Mas, aku sudah lulus sekarang dengan nilai terbaik. Sayang, perusahaan besar itu tidak menerima karyawan yang hanya lulusan SMA kecuali sebagai petugas kebersihan. Aku sudah bekerja sekarang, sambil menghabiskan waktu melanjutkan pendidikan ke jenjang yang lebih tinggi.

Aku ingin membuatmu bangga tanpa harus menyusahkanmu. Aku ingin kau tersenyum saat kembali nanti dan melihatku telah menjadi wanita mandiri. Aku yakin, pekerjaan saat ini akan menjadi batu loncatan untukku menuju pekerjaan yang lebih baik.

Rumah ini sepi sejak kepergianmu, Mas. Mamah dan kak Risna lebih sering pergi keluar menghabiskan waktu bersama Hana. Mereka bahkan tidak tahu aku telah bekerja. Sengaja tak kuberitahu mereka karena takut malu memiliki menantu hanya seorang petugas kebersihan saja.

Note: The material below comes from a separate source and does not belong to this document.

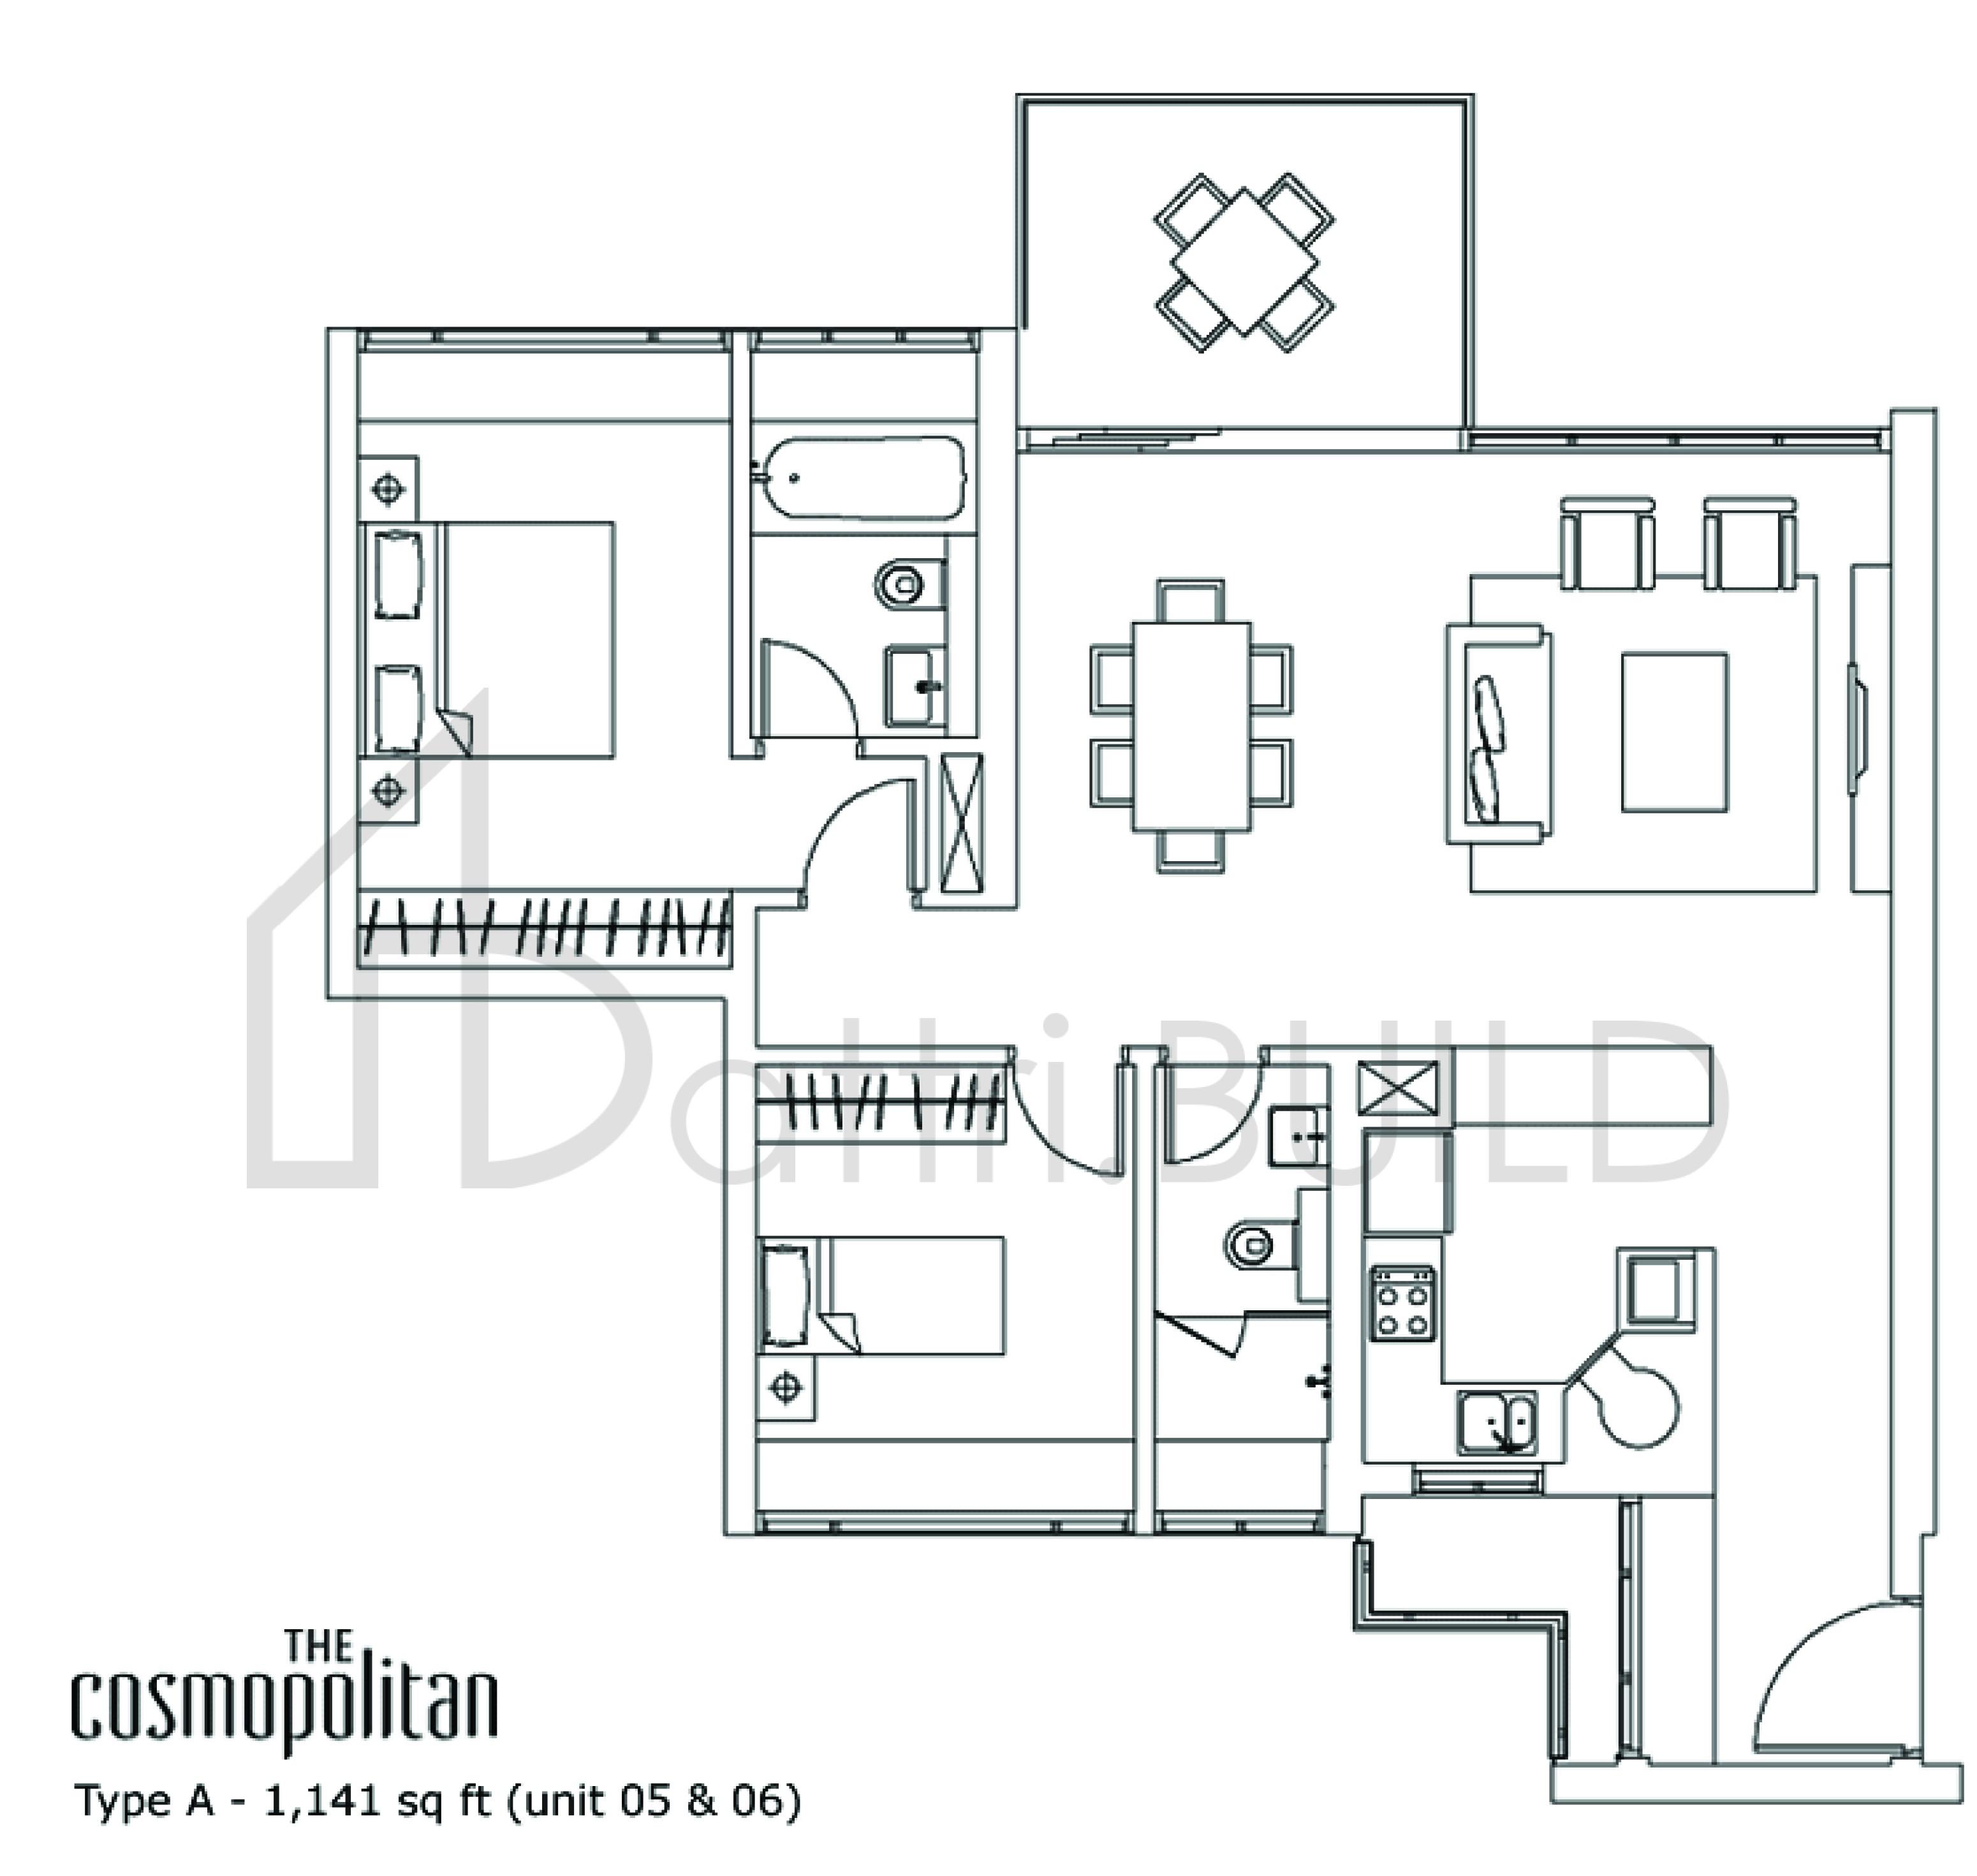 The Cosmopolitan 2 Bedroom Type A

Mas, kuharap kau cepat sembuh dan sesegera mungkin kembali. Jujur saja aku rindu meski rasa cinta belumlah tumbuh. Itu karena kau adalah manusia pertama yang memperlakukan aku layaknya manusia pada umumnya.

Kutulis semua ini sebagai teman jenuh di kamar.

****

Wulan, singkat saja namanya. Usianya kini memasuki dua puluh dua tahun. Mencoba peruntungan dengan memasukan surat lamaran ke perusahaan terbesar yang menjadi impiannya tanpa tahu jika perusahaan tersebut milik sang suami.

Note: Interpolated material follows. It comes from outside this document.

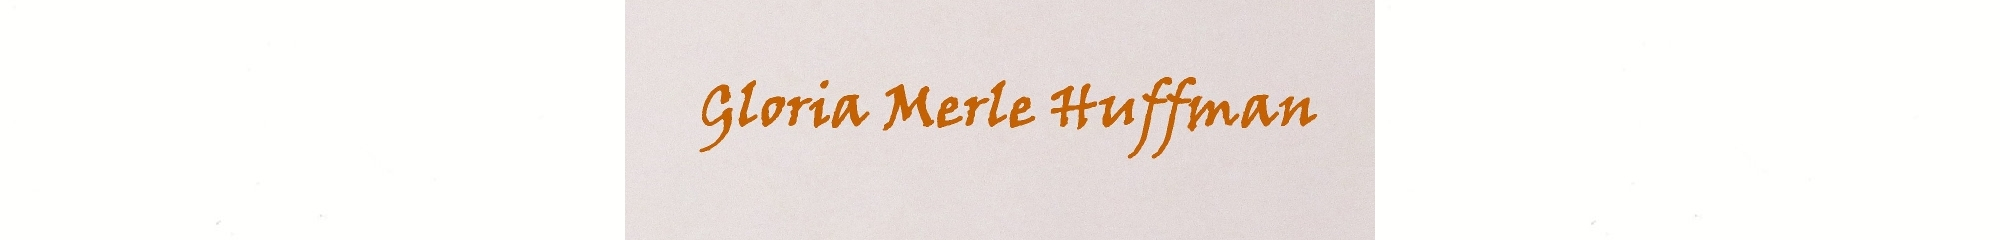 Gloria Merle Huffman

Sayang, memang keberuntungan belum memihak padanya. Dengan dalih hanya lulusan SMA, Wulan hanya diterima sebagai petugas kebersihan saja. Namun, tak apa, hitung-hitung mandiri dan tidak melulu mengandalkan uang suami.

Ia menutup diary dan menyimpannya di laci, beralih pada ponsel menghubungi sang suami. Satu kali, dua kali panggilan tak kunjung terjawab.

"Maaf, Nona. Tuan sedang melakukan terapi, dan ponselnya ada bersama saya."

Sebuah pesan masuk, diketik oleh sang asisten suami--pak Andri.

"Bagaimana perkembangannya, Pak?"

Sangat berharap sebentar lagi akan bertemu, Wulan menanti jawaban dengan cemas. Menggigit bibir bagian dalam karena kemarin masih belum banyak perkembangan.

"Doakan saja semoga tuan segera pulih dan segera kembali ke tanah air."

Balasan yang sama seperti hari-hari kemarin.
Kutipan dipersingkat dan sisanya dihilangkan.